**GOAL OF THE EXERCISE:** Would you please return the lines of the entries below starting at the line that has "En randonneur photo" and ending at the line that has "Игорь Хлобукин. Фото: страница", both included, exactly as they are?
===== PROVIDED RECORDS =====
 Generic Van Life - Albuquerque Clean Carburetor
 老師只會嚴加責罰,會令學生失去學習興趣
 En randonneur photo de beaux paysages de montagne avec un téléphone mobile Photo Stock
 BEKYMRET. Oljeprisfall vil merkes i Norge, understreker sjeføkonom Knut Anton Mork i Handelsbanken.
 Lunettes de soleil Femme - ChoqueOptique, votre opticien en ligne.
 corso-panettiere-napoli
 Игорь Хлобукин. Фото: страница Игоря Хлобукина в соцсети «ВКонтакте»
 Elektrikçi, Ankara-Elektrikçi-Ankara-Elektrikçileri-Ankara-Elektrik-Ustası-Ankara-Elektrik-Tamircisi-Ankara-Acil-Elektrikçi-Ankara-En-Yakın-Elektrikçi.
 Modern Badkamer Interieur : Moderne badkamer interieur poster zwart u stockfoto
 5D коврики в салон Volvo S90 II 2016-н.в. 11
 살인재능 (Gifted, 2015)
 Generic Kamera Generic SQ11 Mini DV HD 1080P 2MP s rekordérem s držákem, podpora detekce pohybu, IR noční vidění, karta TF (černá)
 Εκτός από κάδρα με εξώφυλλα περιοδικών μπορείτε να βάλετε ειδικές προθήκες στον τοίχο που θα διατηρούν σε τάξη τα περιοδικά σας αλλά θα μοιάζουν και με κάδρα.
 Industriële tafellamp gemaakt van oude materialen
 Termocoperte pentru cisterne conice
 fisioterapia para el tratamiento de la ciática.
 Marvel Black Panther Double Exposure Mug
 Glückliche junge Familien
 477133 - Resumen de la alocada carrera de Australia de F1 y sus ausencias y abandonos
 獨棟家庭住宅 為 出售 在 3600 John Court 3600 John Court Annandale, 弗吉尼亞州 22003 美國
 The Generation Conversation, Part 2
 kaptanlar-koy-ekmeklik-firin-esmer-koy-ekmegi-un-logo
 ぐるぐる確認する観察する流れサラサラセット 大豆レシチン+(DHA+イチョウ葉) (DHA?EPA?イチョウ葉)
=====
**SOLUTION TO THIS TASK:**
 En randonneur photo de beaux paysages de montagne avec un téléphone mobile Photo Stock
 BEKYMRET. Oljeprisfall vil merkes i Norge, understreker sjeføkonom Knut Anton Mork i Handelsbanken.
 Lunettes de soleil Femme - ChoqueOptique, votre opticien en ligne.
 corso-panettiere-napoli
 Игорь Хлобукин. Фото: страница Игоря Хлобукина в соцсети «ВКонтакте»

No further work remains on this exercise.